Chantiel comments on Latent Variables and Model Mis-Specification

Chantiel 2 Aug 2021 23:00 UTC
1 point
0
“Call a model well-specified if there is some parameter $θ^{*}$ for which $p_{θ^{*}} (y, x)$ matches the true distribution over $y$ , and call a model mis-specified if no such $θ^{*}$ exists.”
Is it even possible to come up with a well-specified model of human behavior or preferences? I wouldn’t be surprised if creating a model of a person with perfect predictive accuracy would require you to model every neuron in their brain to figure out what exactly would be done in every situation. But I don’t think realistic AI’s would even have the storage base to represent a single model like that.
“In the regression setting where we cared about identifying $θ$ , it was obvious that there was no meaningful “true” value of $θ$ when the model was mis-specified.”
I’m worried about this. If we can’t tractably make a well-specified model of behavior, then how do we learn preferences if there is no meaningful “true” value of any latent variables representing preferences in a model?

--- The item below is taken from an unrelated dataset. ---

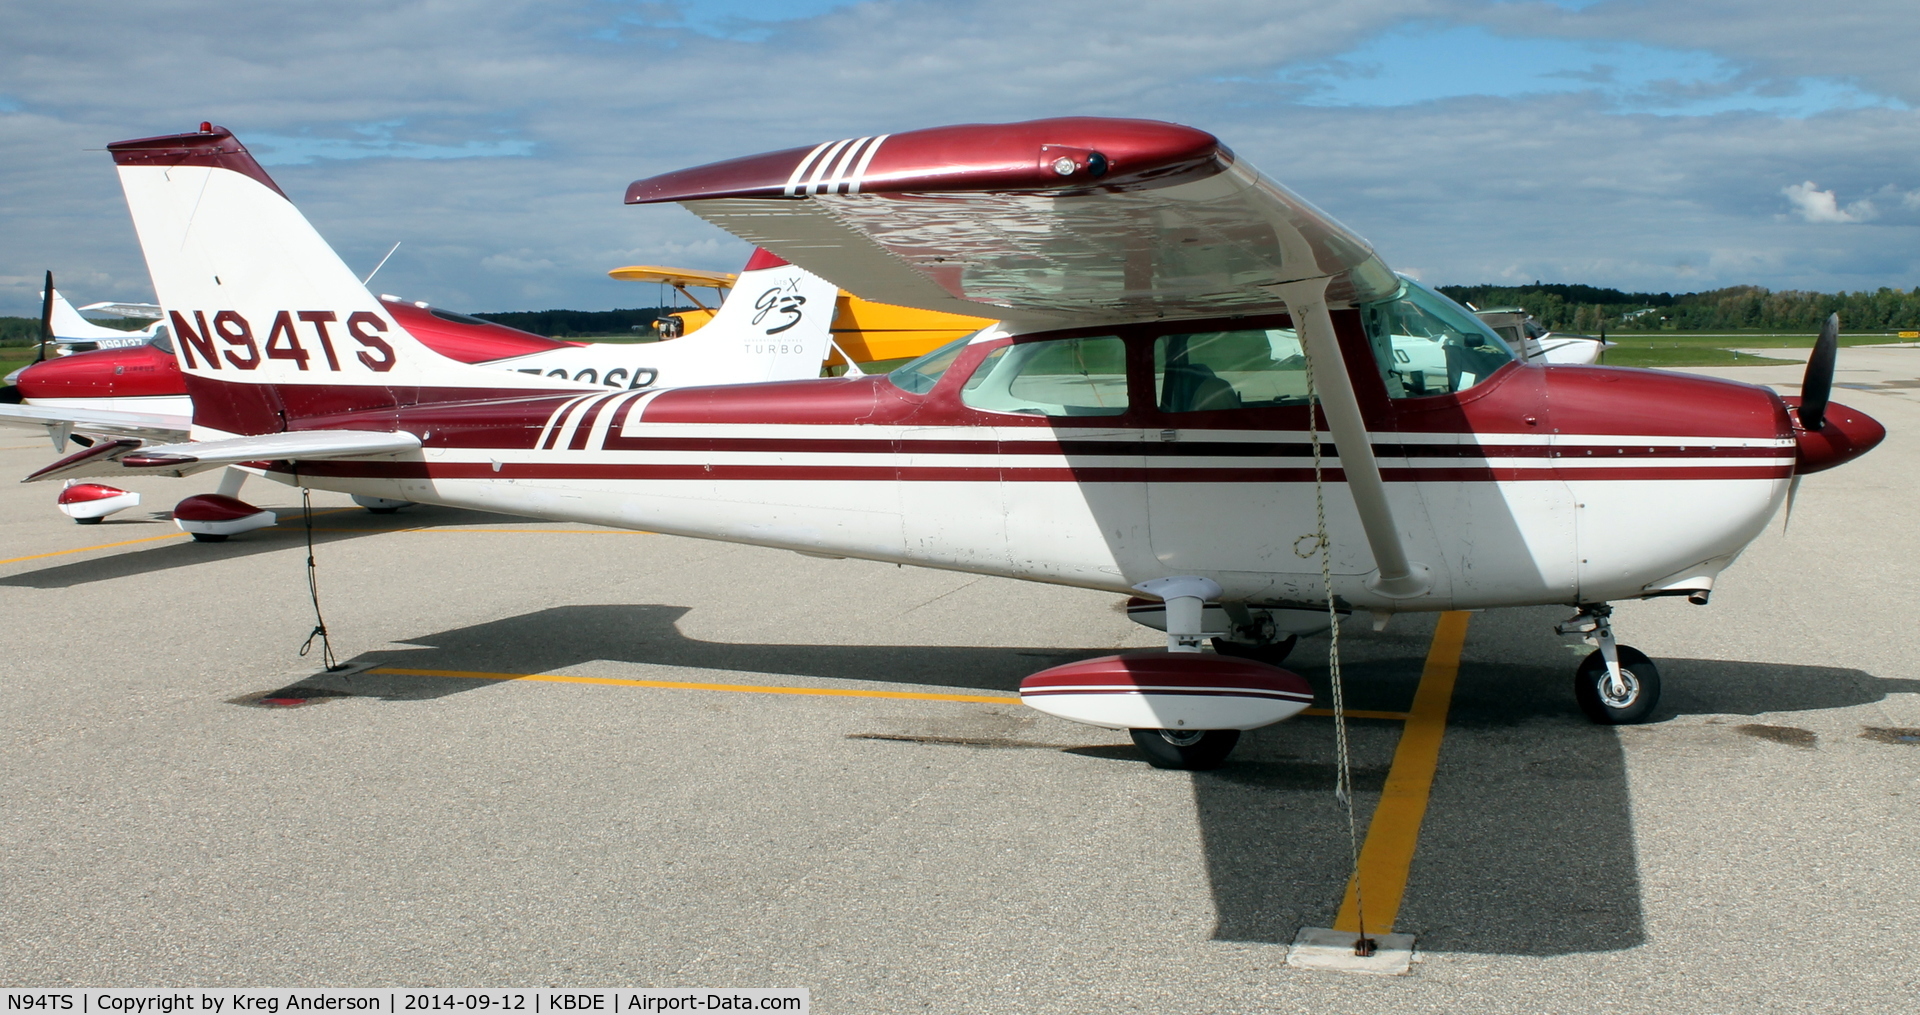 N94TS, 1971 Cessna 172L C/N 17259814, Cessna 172L Skyhawk on the ramp in Baudette, MN.

But perhaps there actually is a way to assign a reasonable meaning to the “true” value of a model in a mis-specified model. Perhaps you could go with whichever performs best and call that the “true” one. I mean, I think this is how people realistically come up with answers to what’s “true”. For example, someone who only knows Newtonian physics couldn’t come up, using the Newtonian model, of a well-specified model of the actual physical results on Earth,. However, I think it would still be meaningful if they said something like, “the gravity on Earth’s surface is 9.8 meters/second”, because that’s what would work best with their model.